THE DATA ▸
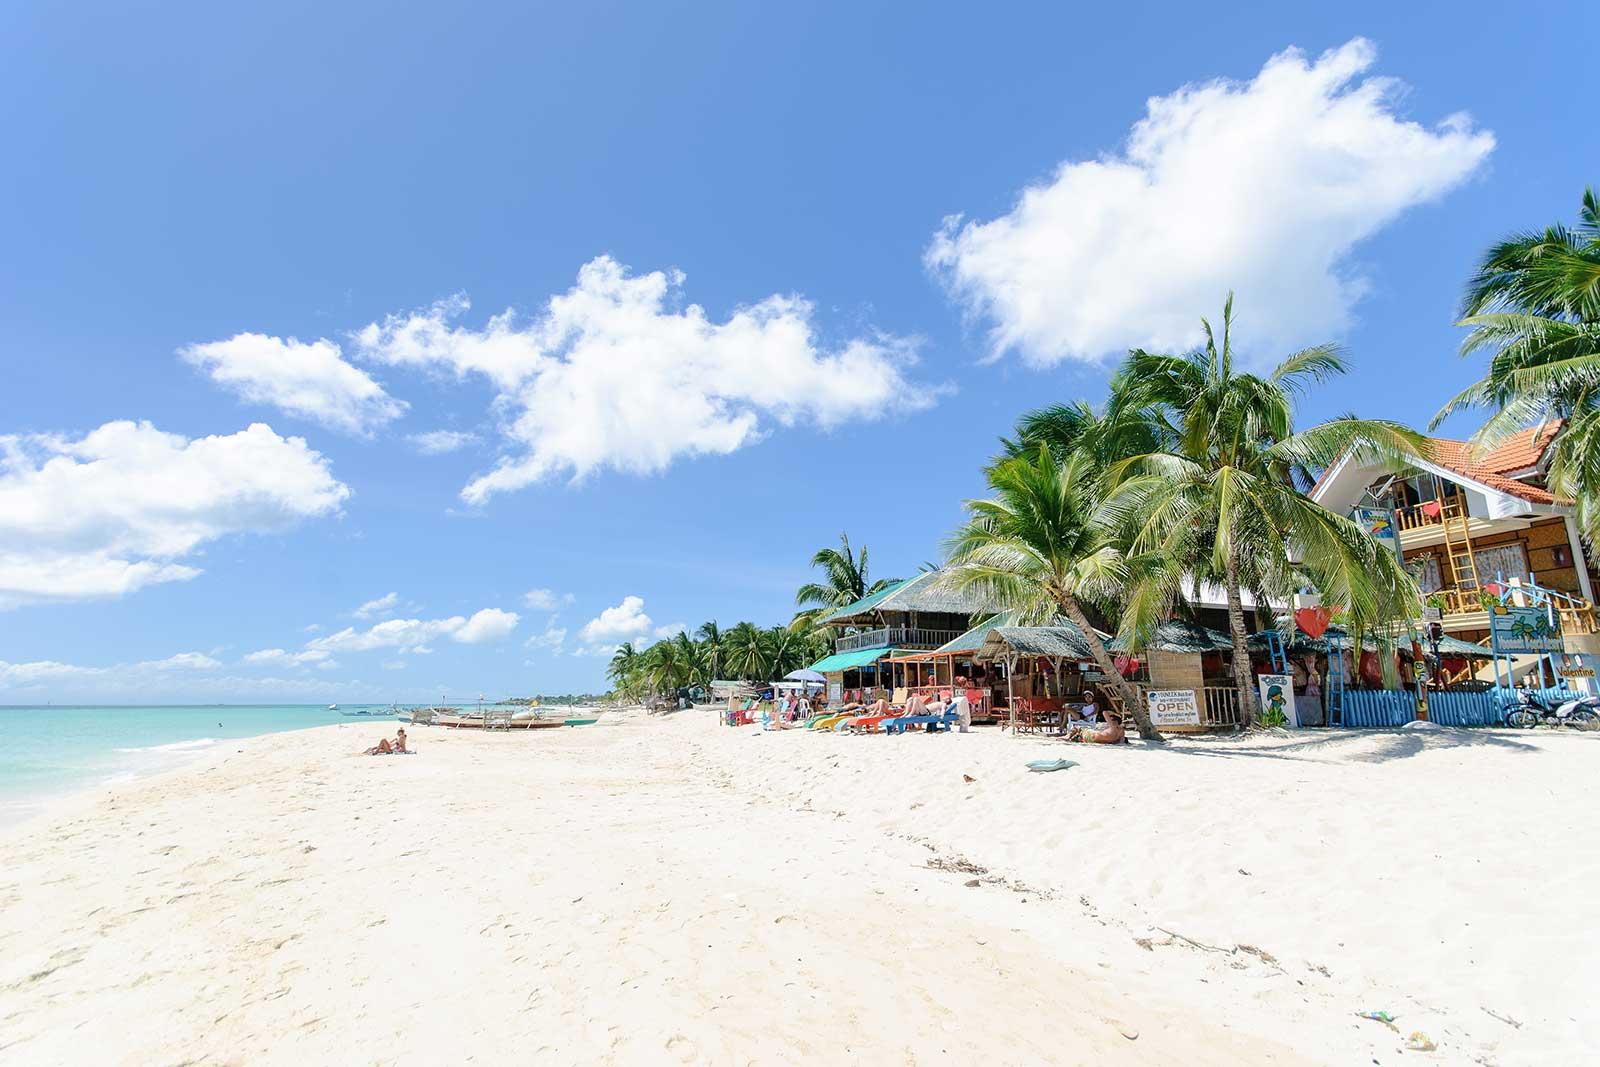 Yooneek Beach Resort, Sugar Beach, Bantayan Island
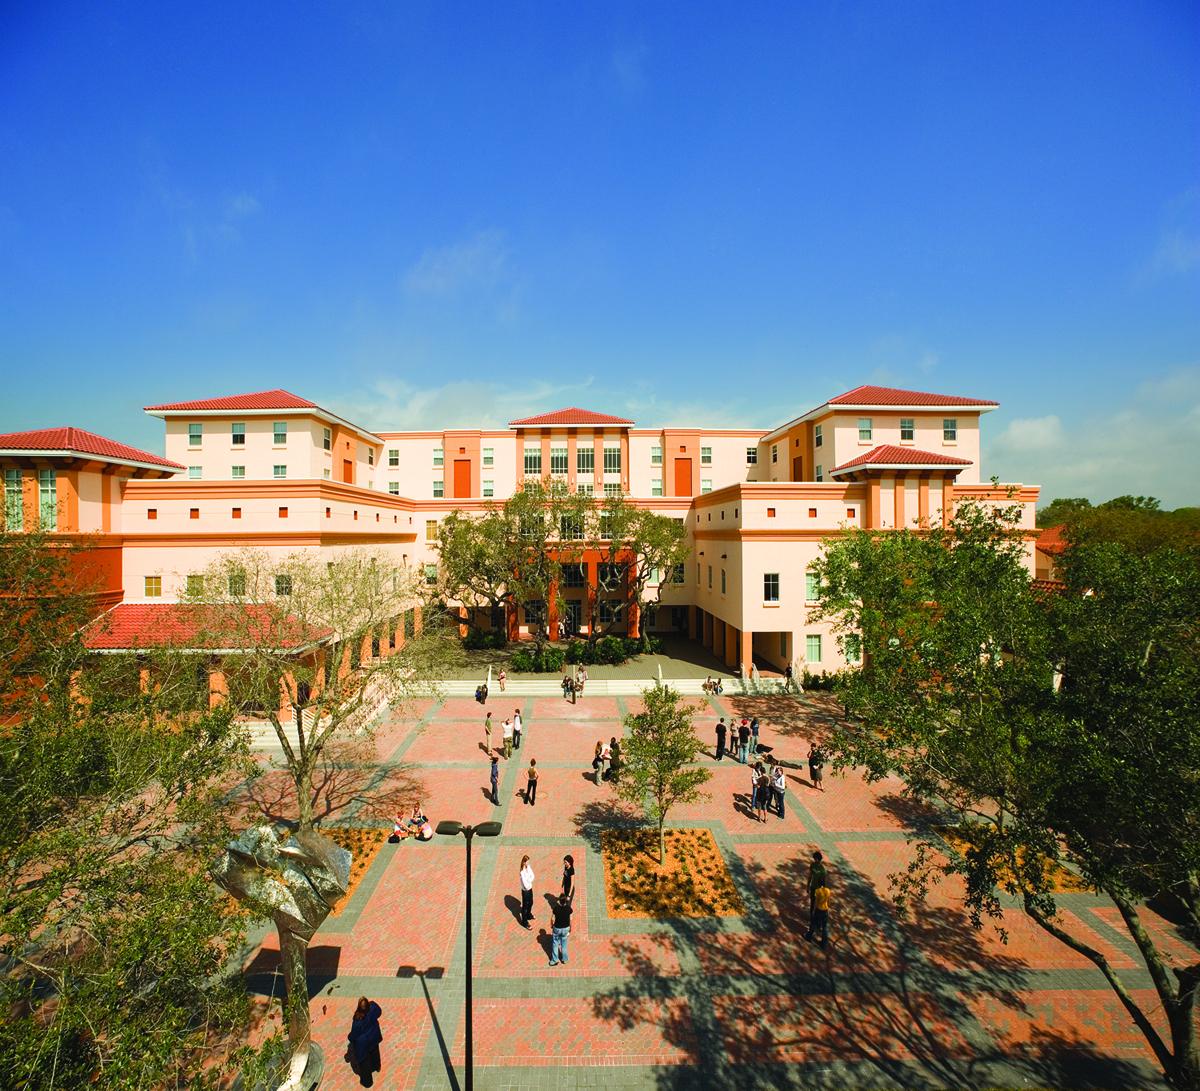 ringling college campus florida sarasota arts basch matusiak daniel richard barbara 1931 center highlights visual illustration jeff prweb
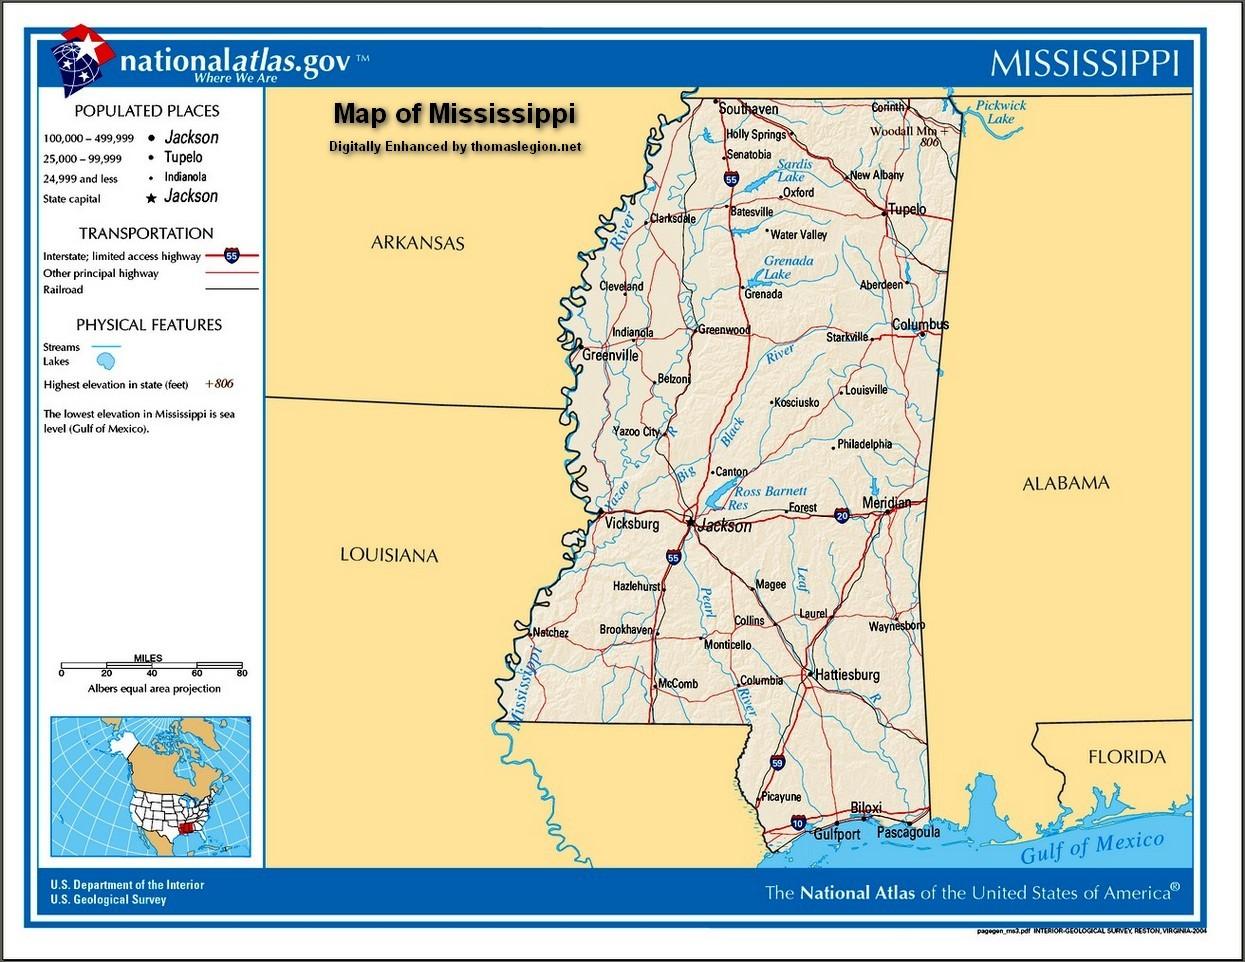 civil war battles battlefields high resolution map of mississippijpg

EXERCISE BRIEF ▸ Please repeat everything in the data above except the pictures, exactly as it reads.

ANSWER TO THIS PROBLEM ▸
 Yooneek Beach Resort, Sugar Beach, Bantayan Island
 ringling college campus florida sarasota arts basch matusiak daniel richard barbara 1931 center highlights visual illustration jeff prweb
 civil war battles battlefields high resolution map of mississippijpg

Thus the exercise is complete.